_Exercise description_
From the material below, return exactly the lines starting at the one that holds "Мощь 80486 на" and ending at the one that holds "springstone advisory partners". Pictures stay out of the answer.
[[ Information provided, beginning ]]
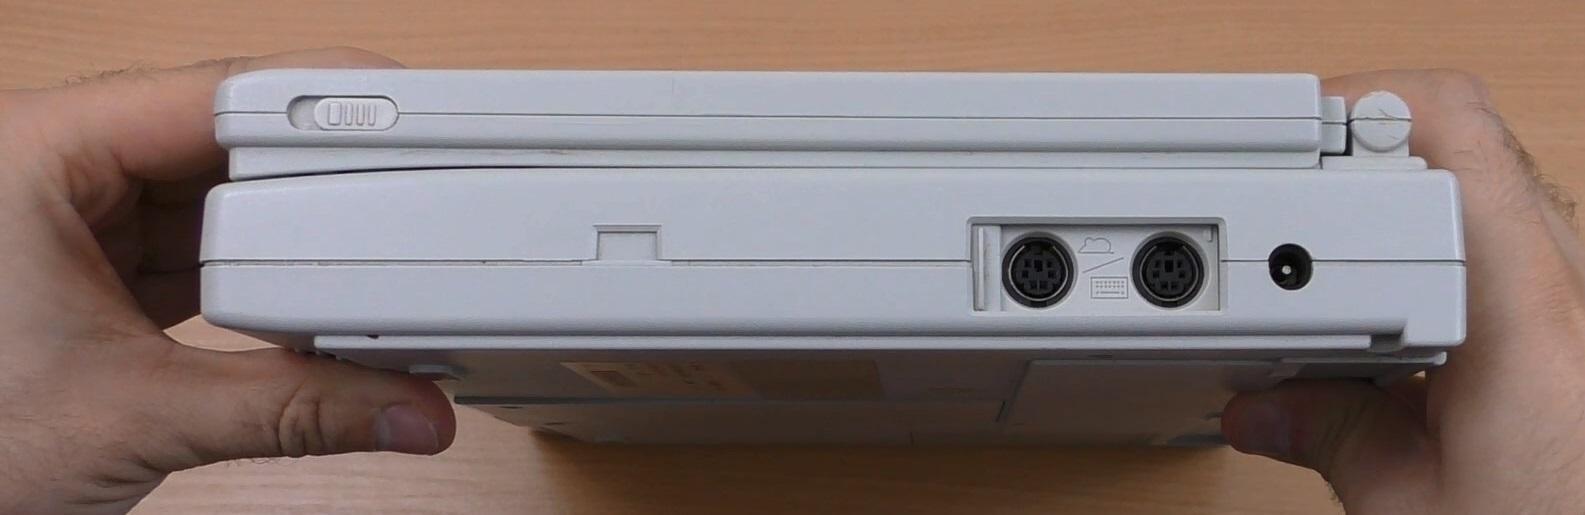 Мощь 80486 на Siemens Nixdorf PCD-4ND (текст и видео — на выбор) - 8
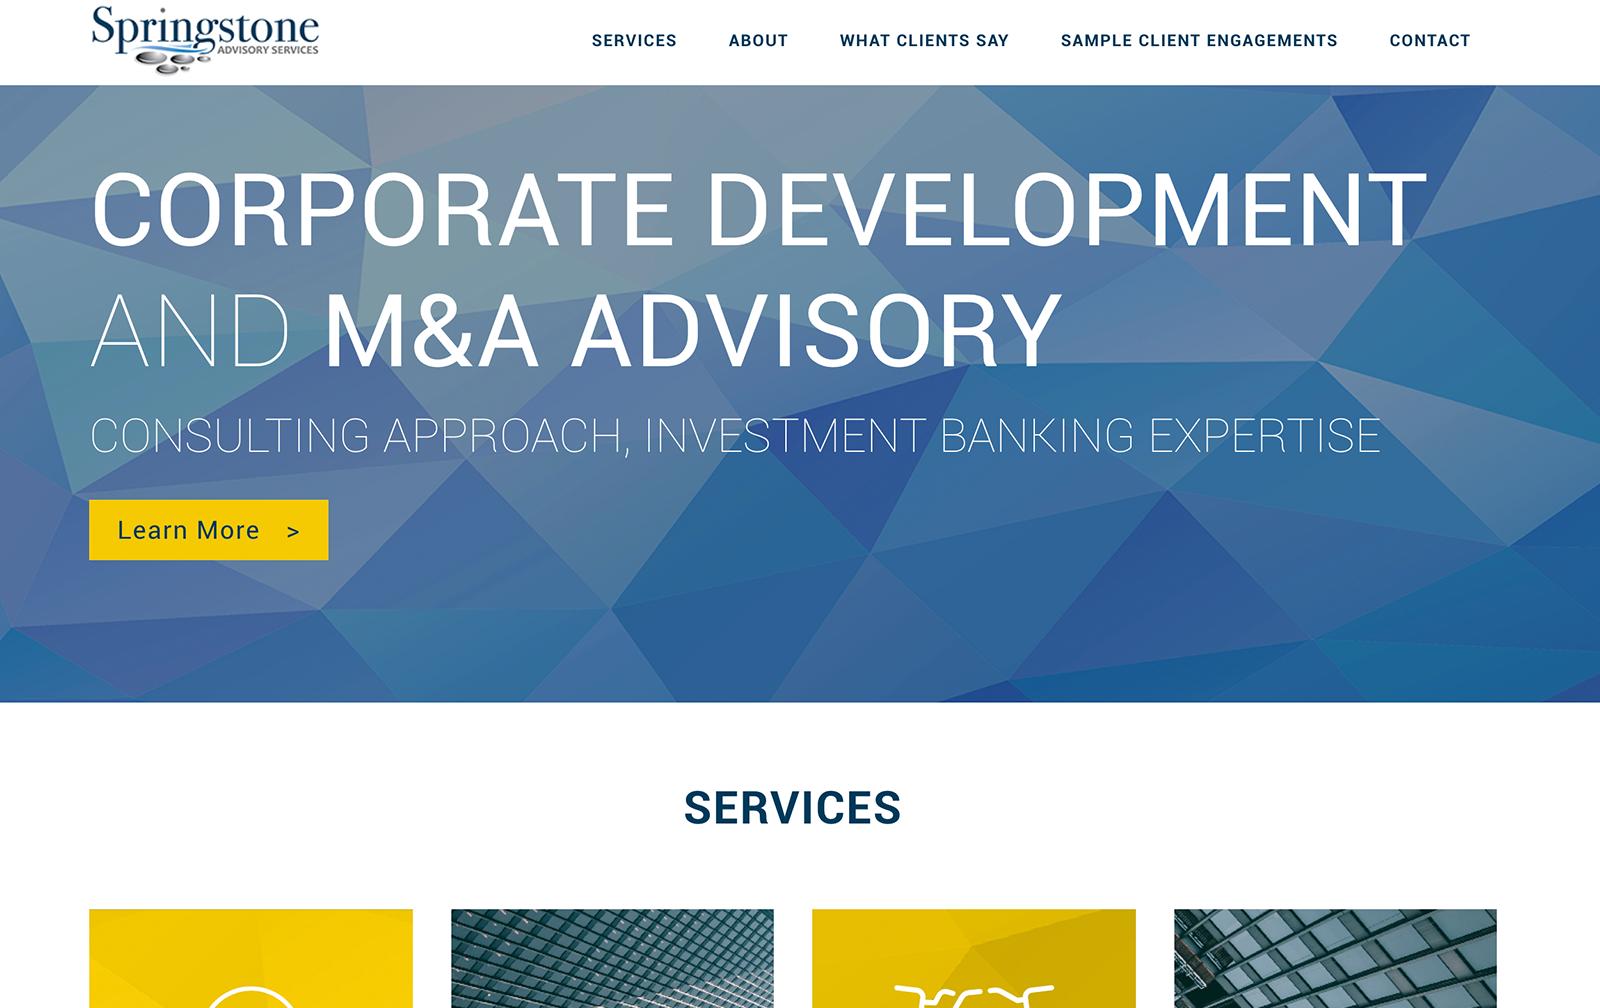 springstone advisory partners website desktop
[[ Information provided, end ]]
[[ Information provided, beginning ]]
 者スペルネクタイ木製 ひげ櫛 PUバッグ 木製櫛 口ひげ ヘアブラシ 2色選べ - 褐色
[[ Information provided, end ]]
_Exercise result_
 Мощь 80486 на Siemens Nixdorf PCD-4ND (текст и видео — на выбор) - 8
 springstone advisory partners website desktop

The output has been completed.